Шторм разбудил во мне ту мою часть, которая отвечала зову моря, и я знал, что в человеке существует динамическая сила, которая в мгновение ока способна поменять направление. Но это должен быть человек, такой же жестокий, как и море, не заботящийся мыслями о разрушении или саморазрушении — ведь смелость и жестокость суть полюса именно этой силы, благородство которой мир позабыл, предаваясь культу любви.
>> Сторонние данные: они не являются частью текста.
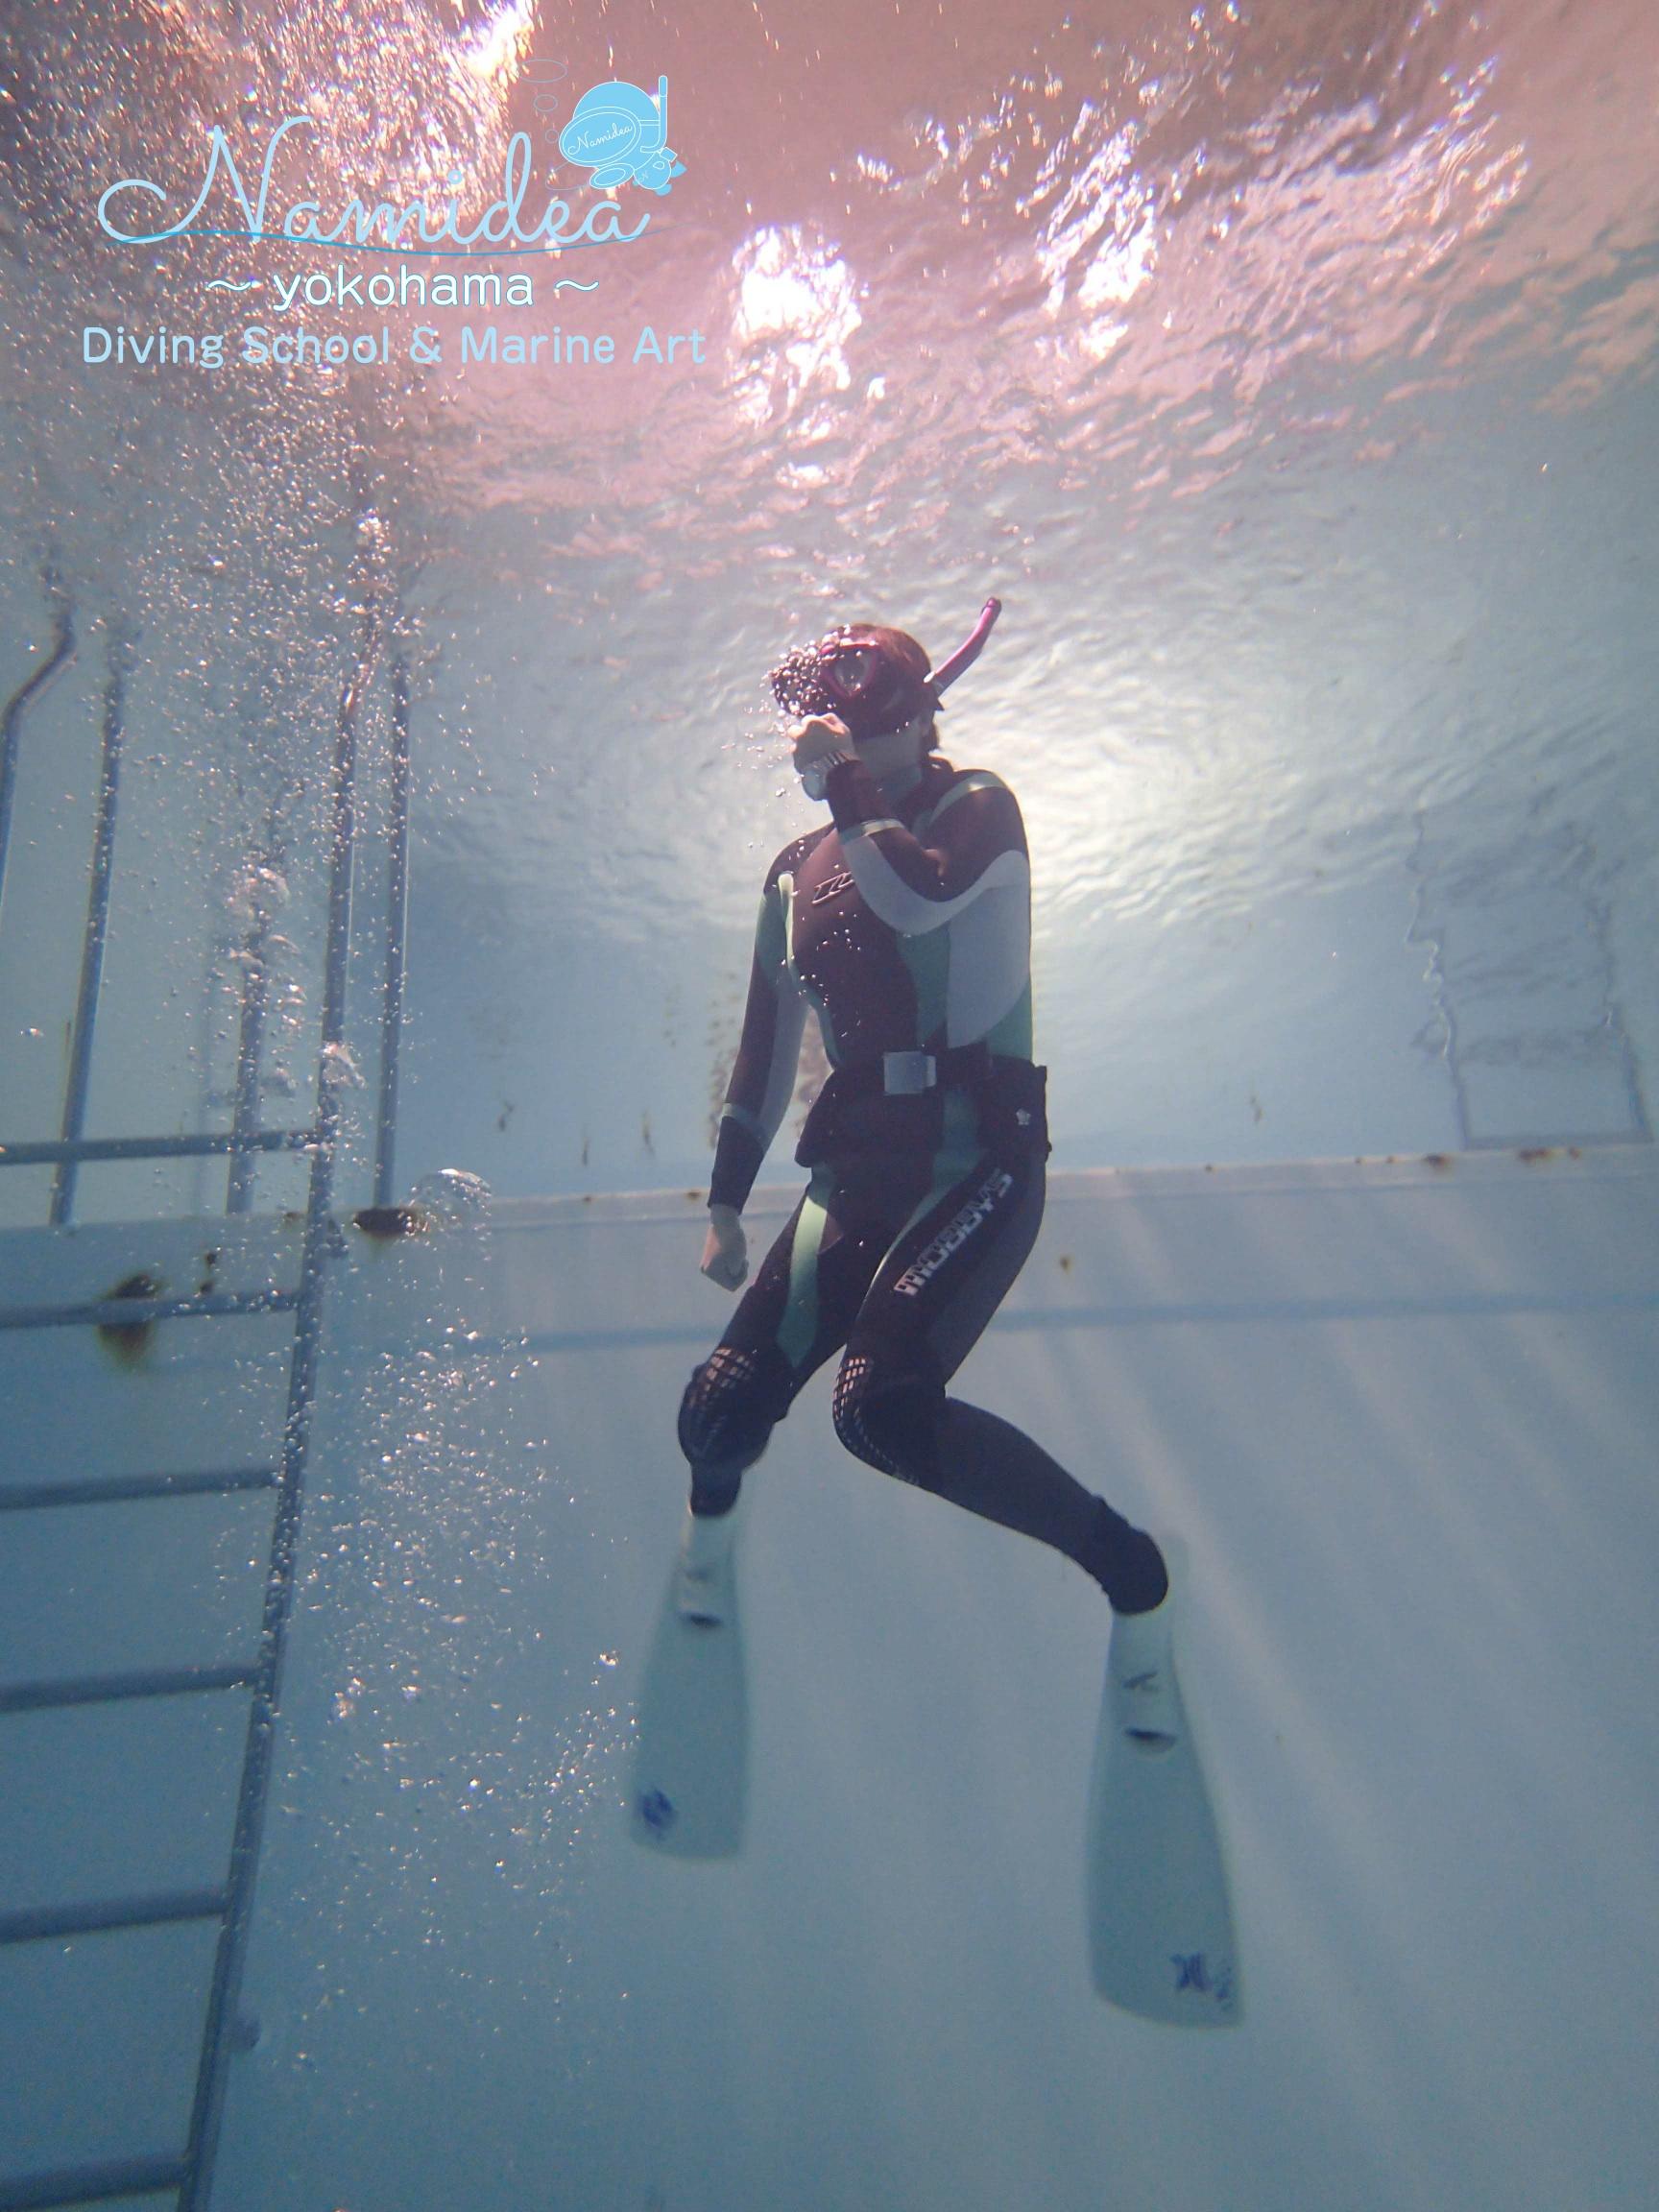 プールでOW(オープンウォーターダイバー)講習とドルフィンスイム練習

Прилив сменился отливом, и море начало отступать. Начиналось утро нового дня, лекарь из Дикмаута уехал на своем автомобиле и созвонился по поводу моей болезни с одним консультантом в Бристоле и с Бирдмором; вскоре вся братия собралась в форте и занялась, как мне показалось, моим отпеванием. Доктор из Дикмаута имел невообразимое количество ученых степеней и так и сыпал книжной мудростью; старый Бирдмор имел квалификацию, позволявшую ему поставить подпись под свидетельством о смерти, — так что он говорил с точки зрения человеческой природы; но оба они крутились вокруг моего тела, как две гиены. Бирдмор склонялся к испытанному способу: накачать меня морфием и посмотреть, выживу ли я, как всегда поступал в подобных обстоятельствах. Медик из Дикмаута возражал, аргументируя тем, что такой метод противоречит позиции какого-то Хойла. Затем они принялись сыпать взаимными упреками, ссылаясь на указ о применении опасных лекарственных средств, — ив это время я перестал дышать. Тут настал черед вмешаться консультанту, который спас мою жизнь, согласившись с каждой из спорящих сторон в отдельности и влив в меня изрядную дозу своей собственной патентованной наркотической дряни, не признаваясь в том, что она из себя представляет. Я проспал до обеда следующего дня, а проснувшись, почувствовал себя значительно лучше. Я понимал, что это была за инъекция, — невозможно обмануть того, кто хоть раз попробовал морфий, — но никому не обмолвился об этом, так как в этот раз я как никогда был близок к. вечности.
Как всегда, когда Морган Ле Фэй была рядом, я быстро поднялся с постели, ибо в таком случае у меня не бывает того отвратительного ощущения, которое обычно сопровождает приступ. Мы выпили чаю, и я даже начал вполне приходить в себя, как вдруг мы услышали какой-то шум у примыкавшей к суше части форта; затем послышались яростные вопли миссис Трет. Морган вышла посмотреть в чем дело и вернулась со Скотти. Будучи не в состоянии понять, почему появление Скотти вызвало столь крайнее возбуждение, я потребовал дальнейших объяснений; мне этого тем более хотелось при виде Морган, с трудом пытавшейся скрыть улыбку.
В результате расспросов выяснилось, что Бирдмор поставил мою семью в известность о постигшем меня несчастье; заслышав это, моя сестра, напустив на себя хорошо знакомый мне вид святой мученицы, заявила, что оставляет свою миссионерскую деятельность и отправляется в форт ухаживать за мной; но Бирдмор (да вознаградит его Господь!) сказал, что ей не следует оставлять мать, и предложил приехать Скотти.
У Скотти не было своей машины, так как я всегда отвозил его, куда бы ему ни понадобилось. Нанять же машину, чтобы добраться до форта, значило выложить добрую сотню, что для Скотти было просто непереносимо. И тут ему в голову пришла потрясающая мысль — уговорить отчима отвезти его. Дело в том, что отчим Скотти, как я уже упоминал ранее, имеет небольшое похоронное бюро, а так как своей машины у него тоже нет, то он использует для своих разъездов обыкновенный старый катафалк, в котором развозят гробы и прочее необходимое. Так что к форту подъехала траурная машина с плакальщиками на запятках, в которой сидел отчим Скотти и сам старина, решивший приехать либо по причине возможности бесплатной поездки, либо надеясь на трогательные изменения в составе партнеров — точного ответа я не знаю. Стоит ли удивляться реакции миссис Трет, увидевшей дорогих гостей.